(Raw data):
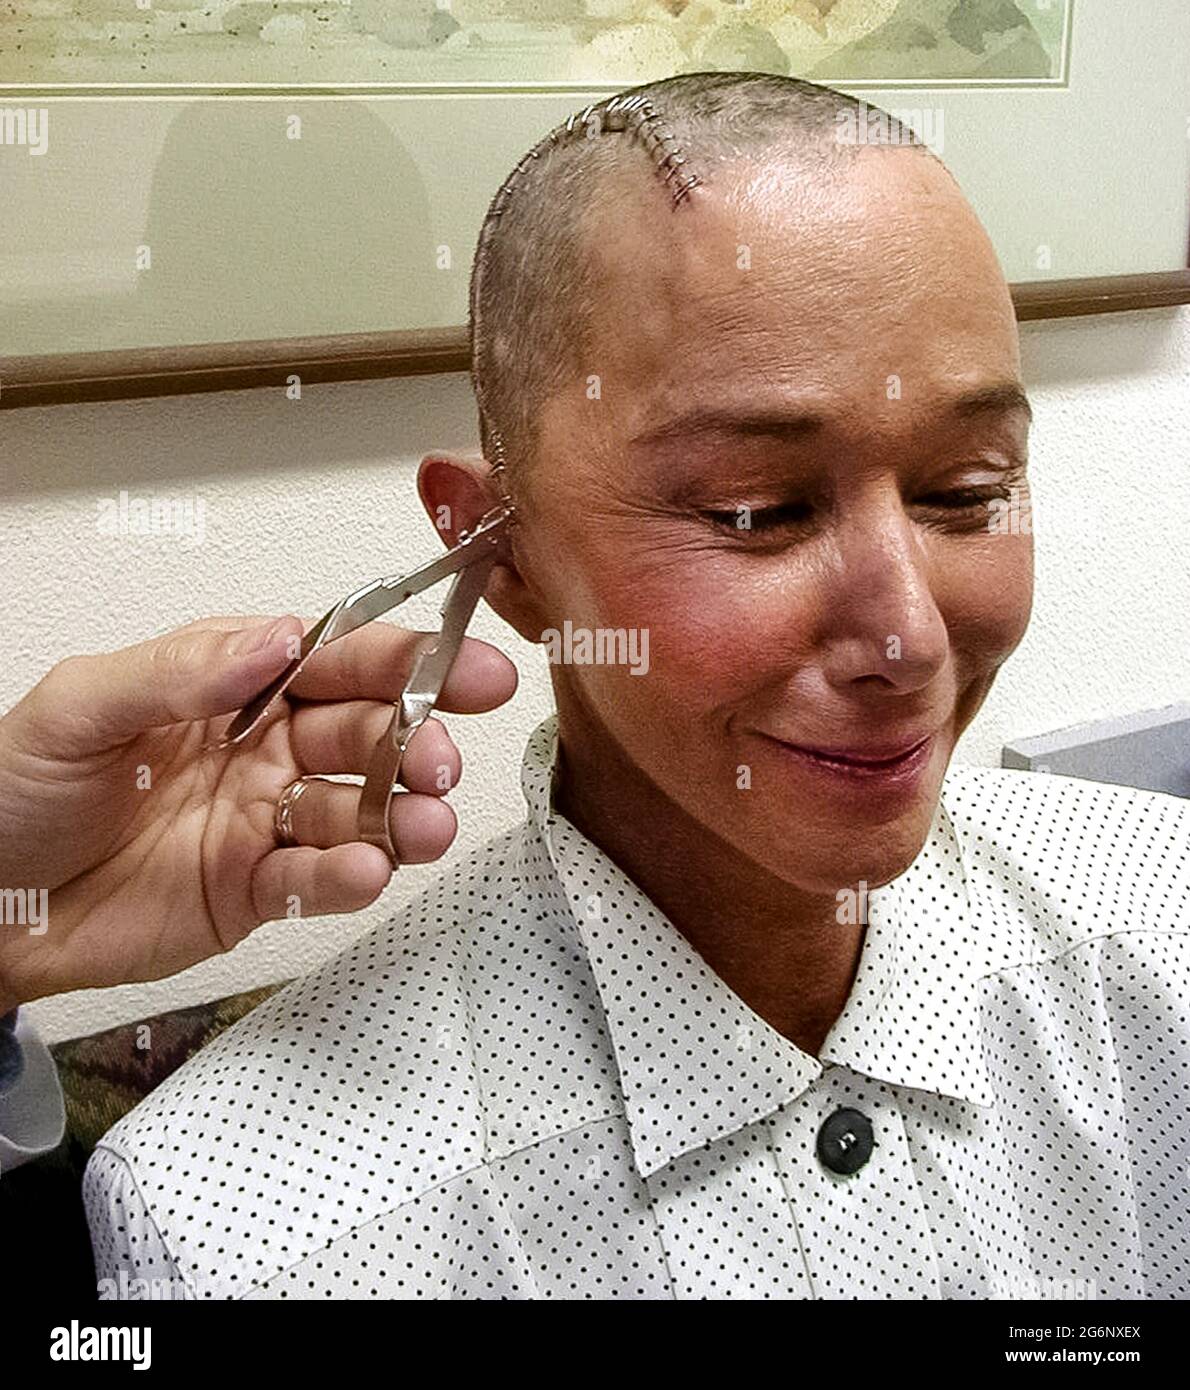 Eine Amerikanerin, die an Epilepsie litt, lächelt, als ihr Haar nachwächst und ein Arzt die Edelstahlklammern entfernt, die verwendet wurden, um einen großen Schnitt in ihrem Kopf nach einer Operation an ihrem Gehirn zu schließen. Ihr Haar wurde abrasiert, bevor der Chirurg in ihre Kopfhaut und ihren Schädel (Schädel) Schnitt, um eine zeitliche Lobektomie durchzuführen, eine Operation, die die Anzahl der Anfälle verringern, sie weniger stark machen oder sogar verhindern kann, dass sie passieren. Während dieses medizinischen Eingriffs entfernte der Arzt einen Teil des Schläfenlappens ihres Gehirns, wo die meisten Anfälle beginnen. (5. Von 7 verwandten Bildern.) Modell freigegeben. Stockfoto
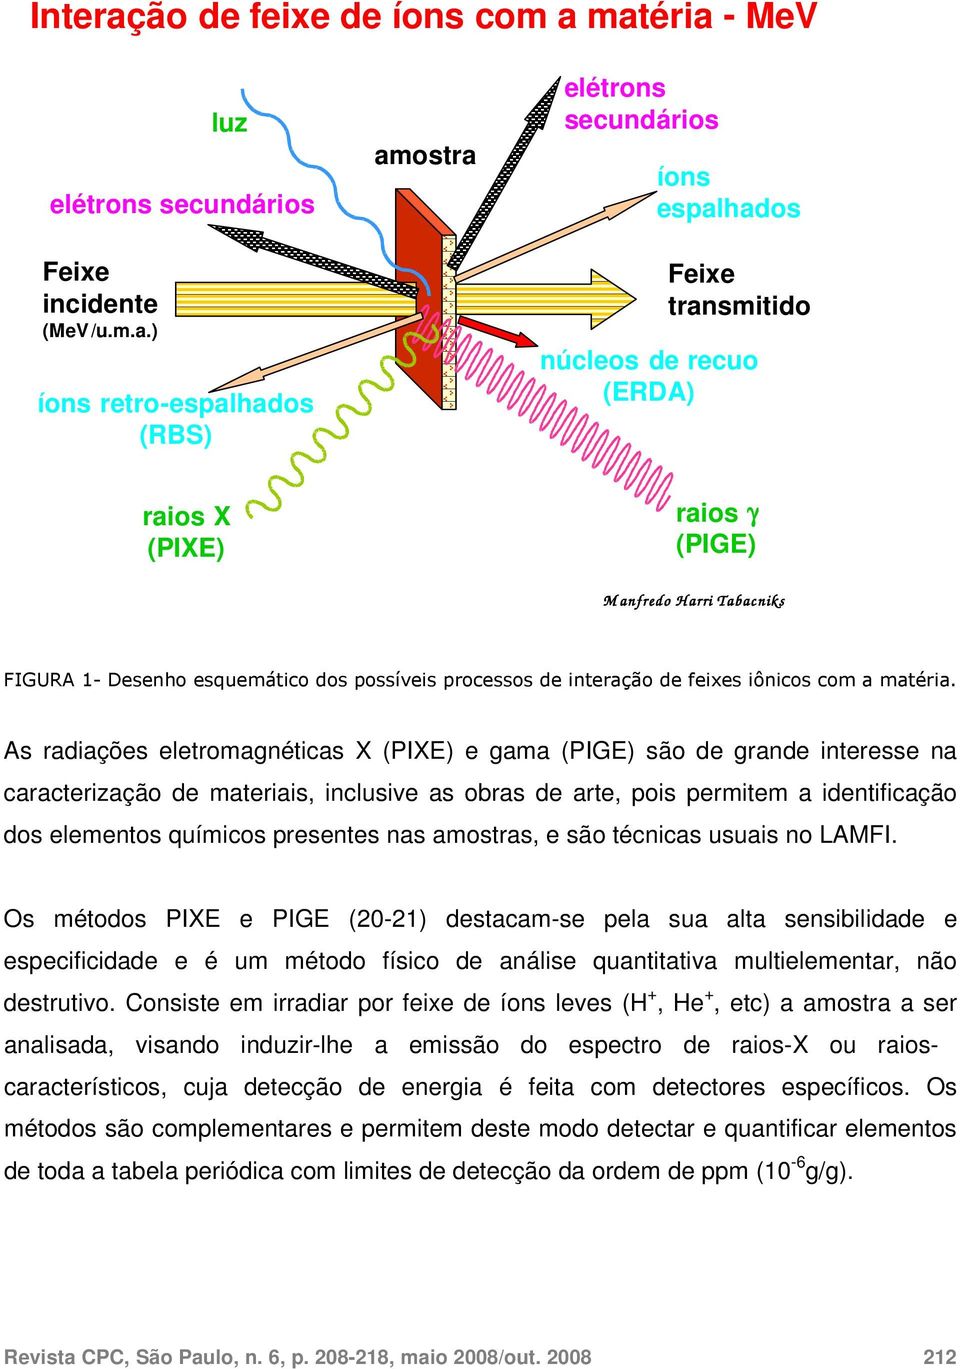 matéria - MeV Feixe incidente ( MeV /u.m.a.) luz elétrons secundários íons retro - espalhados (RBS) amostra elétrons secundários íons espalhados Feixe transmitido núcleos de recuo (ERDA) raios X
...
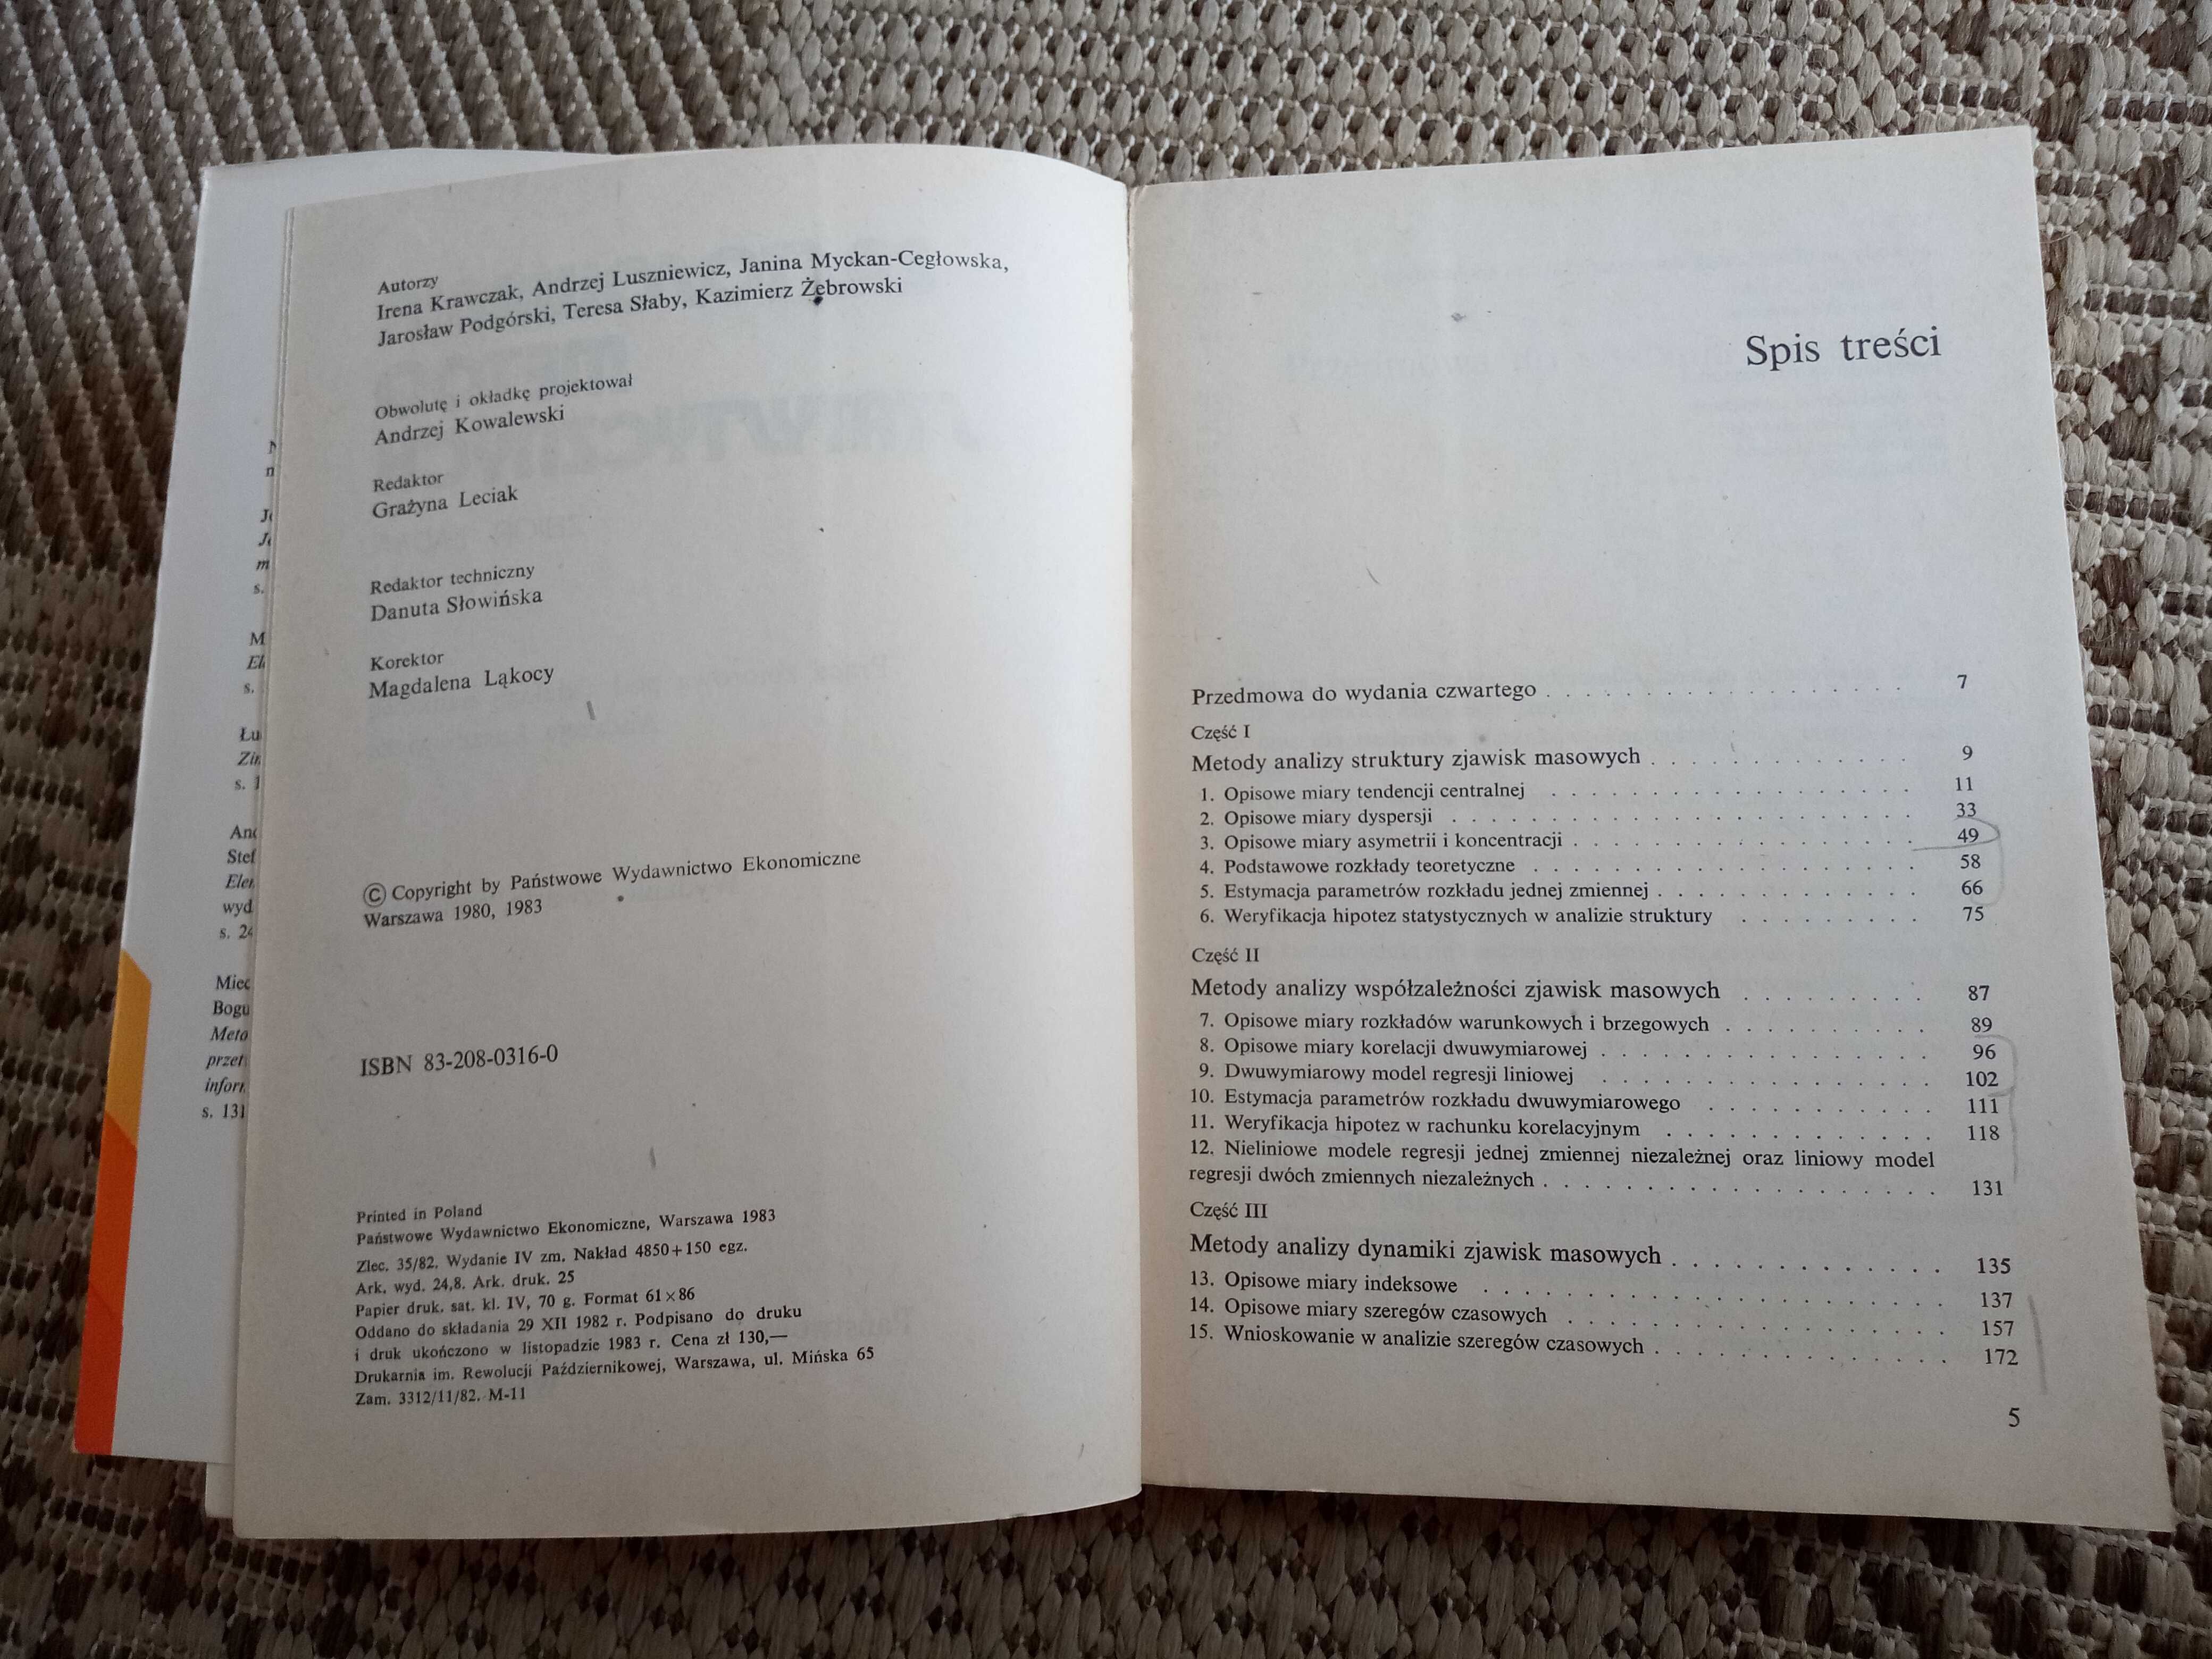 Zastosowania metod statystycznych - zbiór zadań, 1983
==
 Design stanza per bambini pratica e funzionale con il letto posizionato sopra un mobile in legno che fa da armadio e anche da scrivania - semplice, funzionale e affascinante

(What you will do): Find the line with "Eine Amerikanerin, die" in the entries above. Set down exactly every line from it up to and including the line with "matéria - MeV", images excluded.

(Solution to this task):
 Eine Amerikanerin, die an Epilepsie litt, lächelt, als ihr Haar nachwächst und ein Arzt die Edelstahlklammern entfernt, die verwendet wurden, um einen großen Schnitt in ihrem Kopf nach einer Operation an ihrem Gehirn zu schließen. Ihr Haar wurde abrasiert, bevor der Chirurg in ihre Kopfhaut und ihren Schädel (Schädel) Schnitt, um eine zeitliche Lobektomie durchzuführen, eine Operation, die die Anzahl der Anfälle verringern, sie weniger stark machen oder sogar verhindern kann, dass sie passieren. Während dieses medizinischen Eingriffs entfernte der Arzt einen Teil des Schläfenlappens ihres Gehirns, wo die meisten Anfälle beginnen. (5. Von 7 verwandten Bildern.) Modell freigegeben. Stockfoto
 matéria - MeV Feixe incidente ( MeV /u.m.a.) luz elétrons secundários íons retro - espalhados (RBS) amostra elétrons secundários íons espalhados Feixe transmitido núcleos de recuo (ERDA) raios X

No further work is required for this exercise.